* [TASK STATEMENT]
Return the lines of the listing below exactly as they appear, beginning at the one with "Two J-20 stealth" and stopping after the one with "ONLY Shorts Slim"; do not include pictures.

* [LISTED ENTRIES]
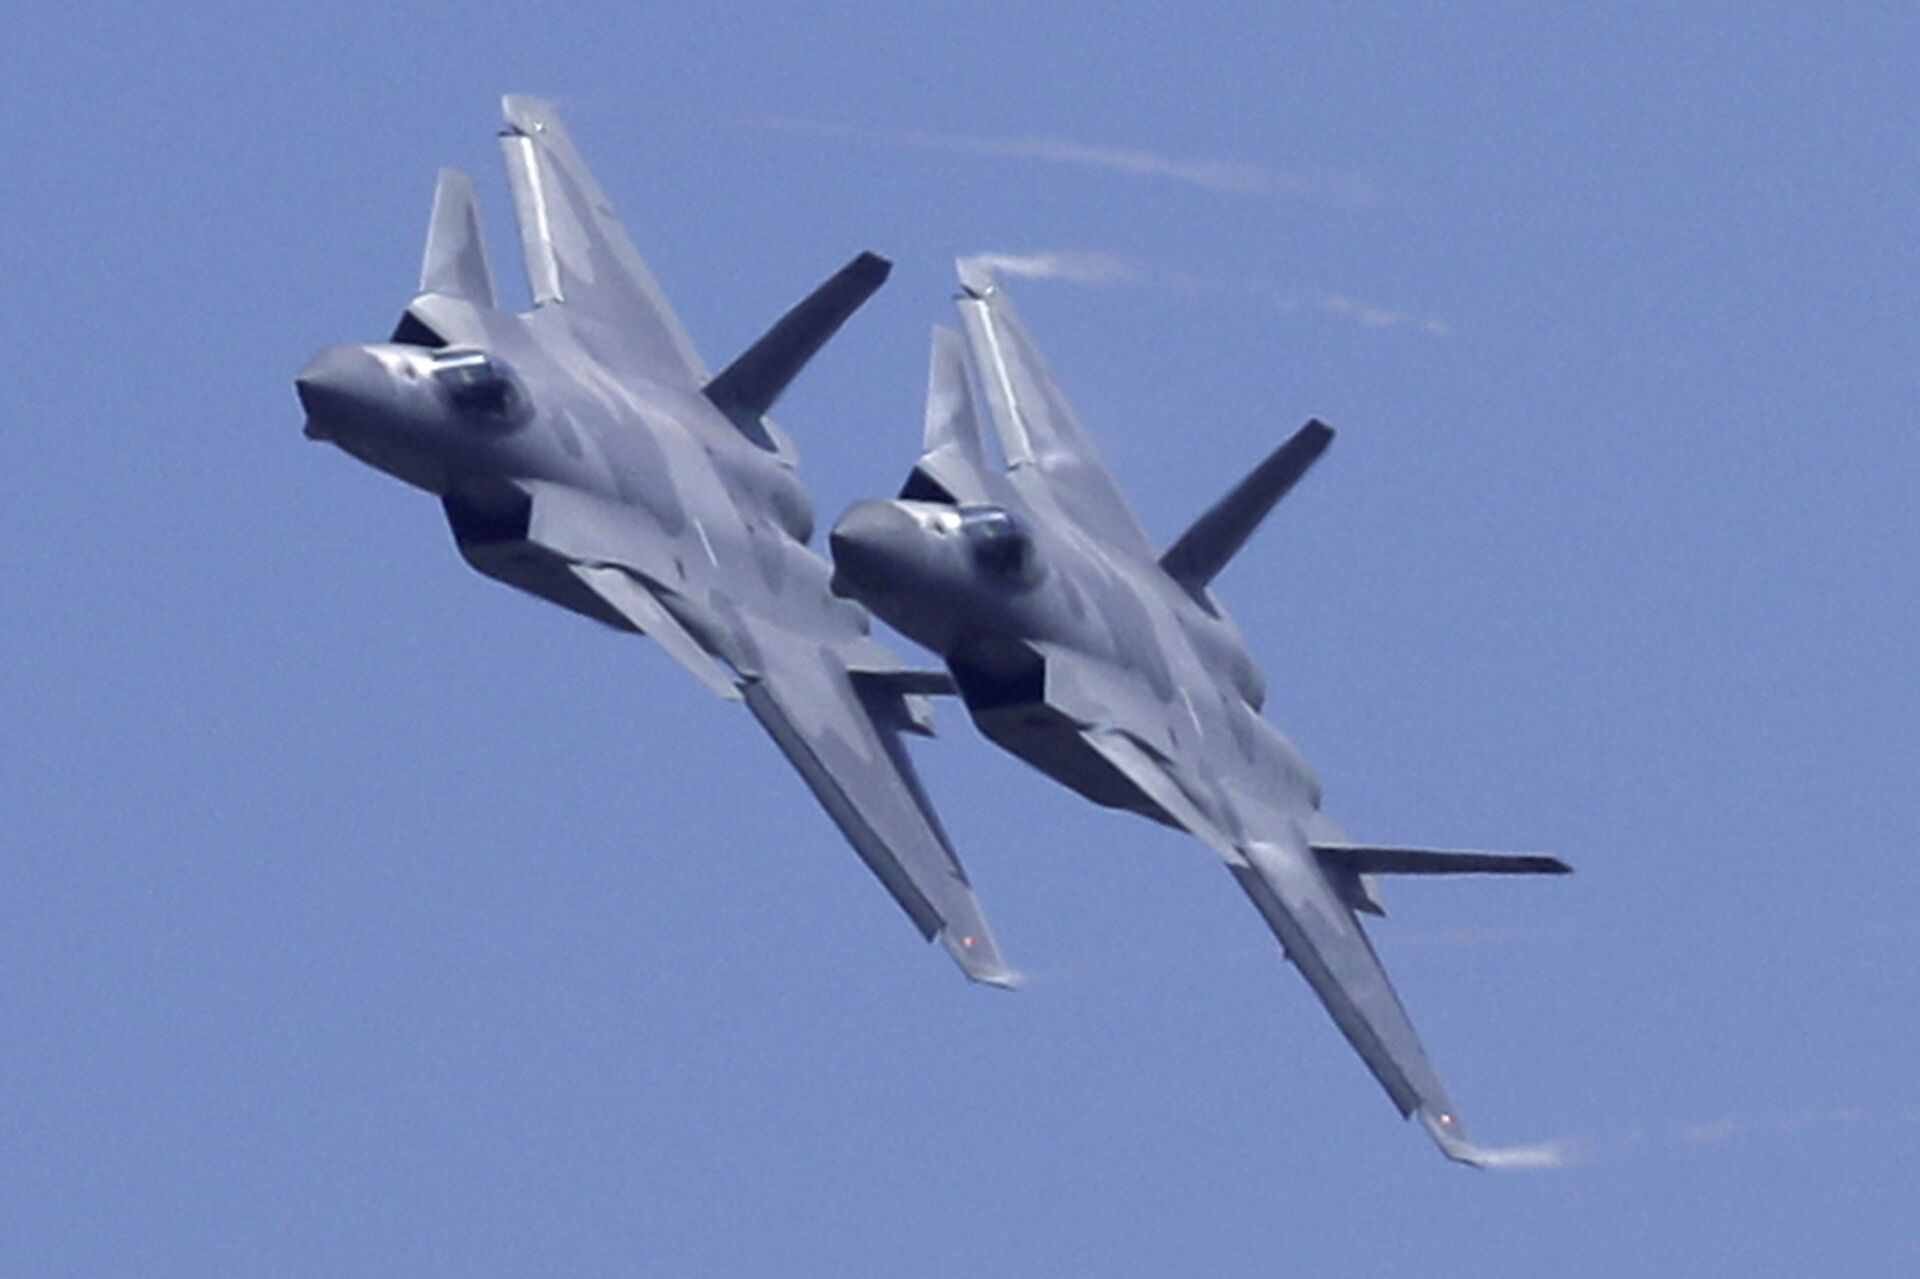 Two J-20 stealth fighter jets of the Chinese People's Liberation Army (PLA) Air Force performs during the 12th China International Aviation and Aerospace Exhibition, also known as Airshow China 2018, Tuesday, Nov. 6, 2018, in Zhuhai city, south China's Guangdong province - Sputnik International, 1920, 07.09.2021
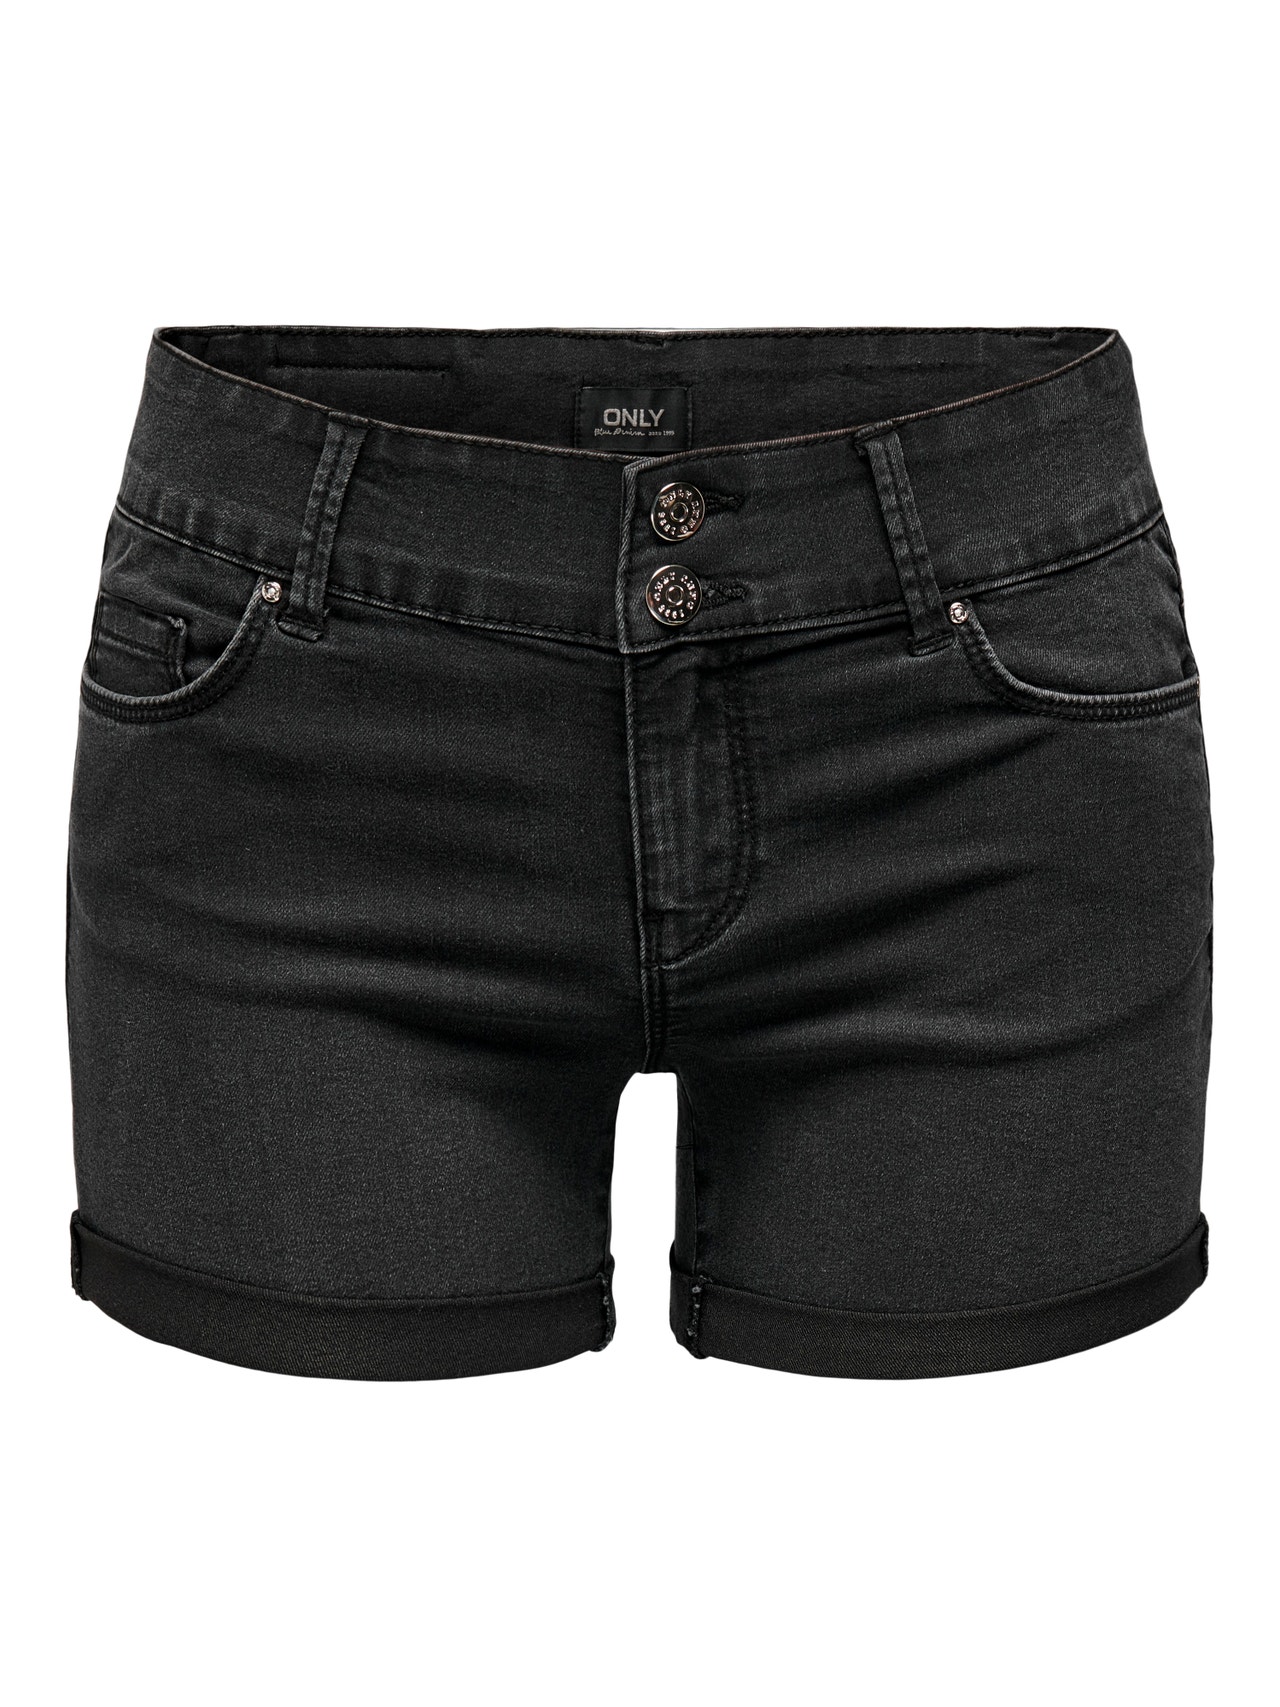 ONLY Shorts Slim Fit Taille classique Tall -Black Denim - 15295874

...

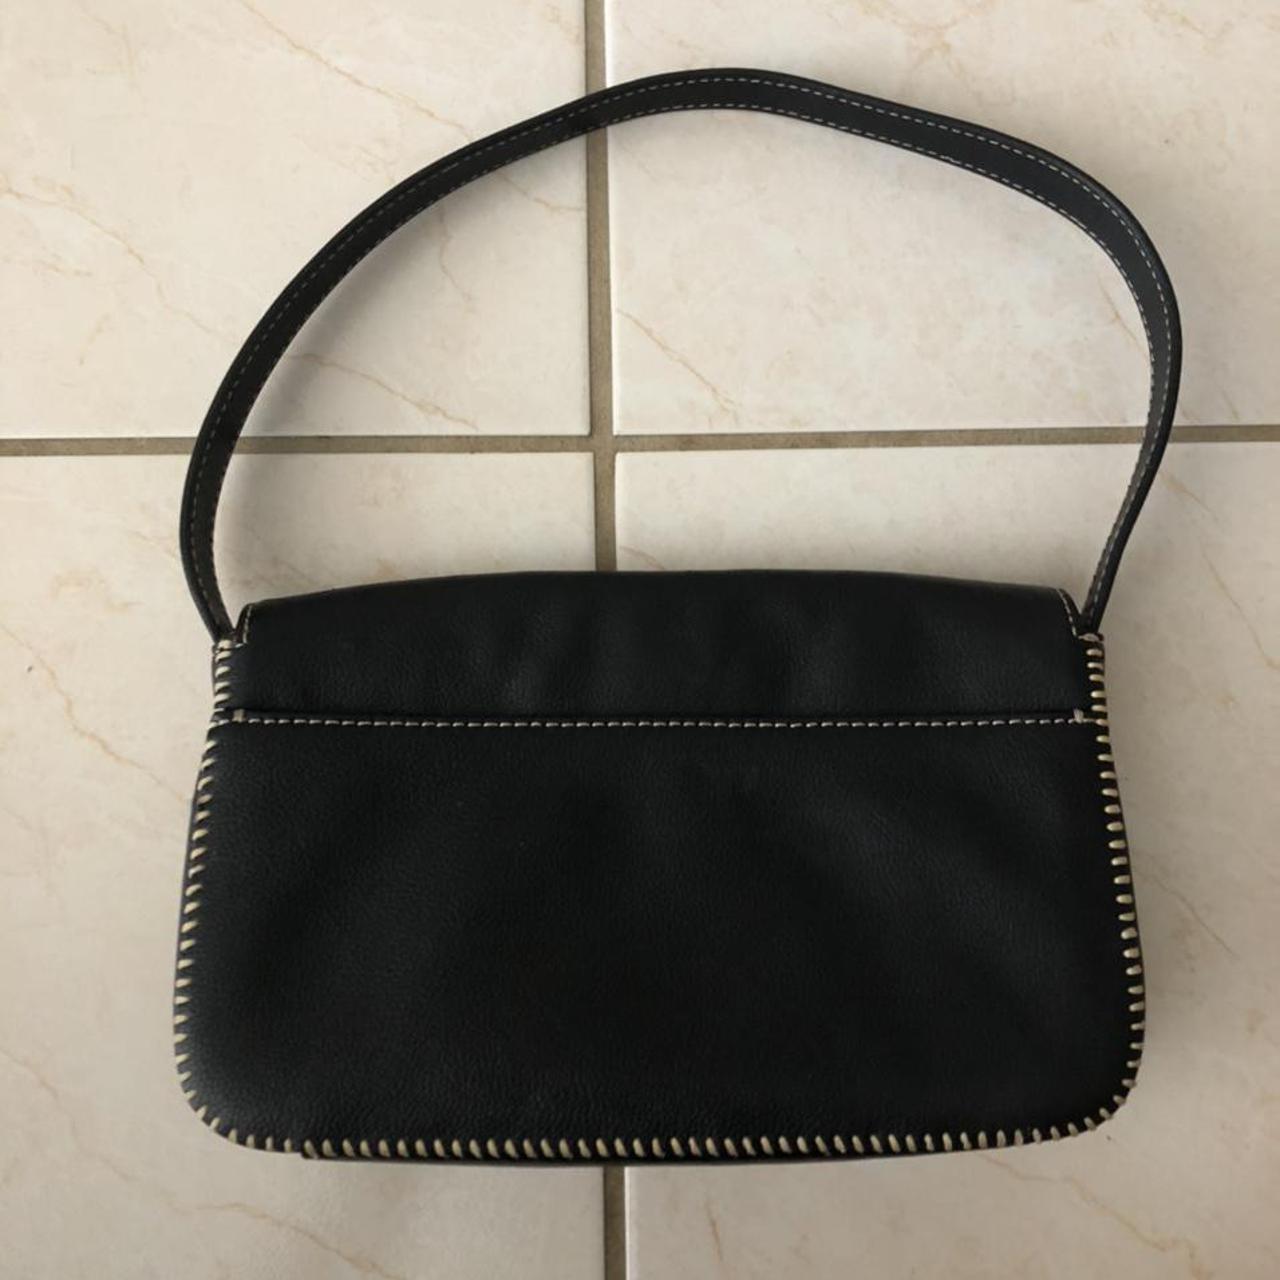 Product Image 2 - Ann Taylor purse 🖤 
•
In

* [FINAL ANSWER]
 Two J-20 stealth fighter jets of the Chinese People's Liberation Army (PLA) Air Force performs during the 12th China International Aviation and Aerospace Exhibition, also known as Airshow China 2018, Tuesday, Nov. 6, 2018, in Zhuhai city, south China's Guangdong province - Sputnik International, 1920, 07.09.2021
 ONLY Shorts Slim Fit Taille classique Tall -Black Denim - 15295874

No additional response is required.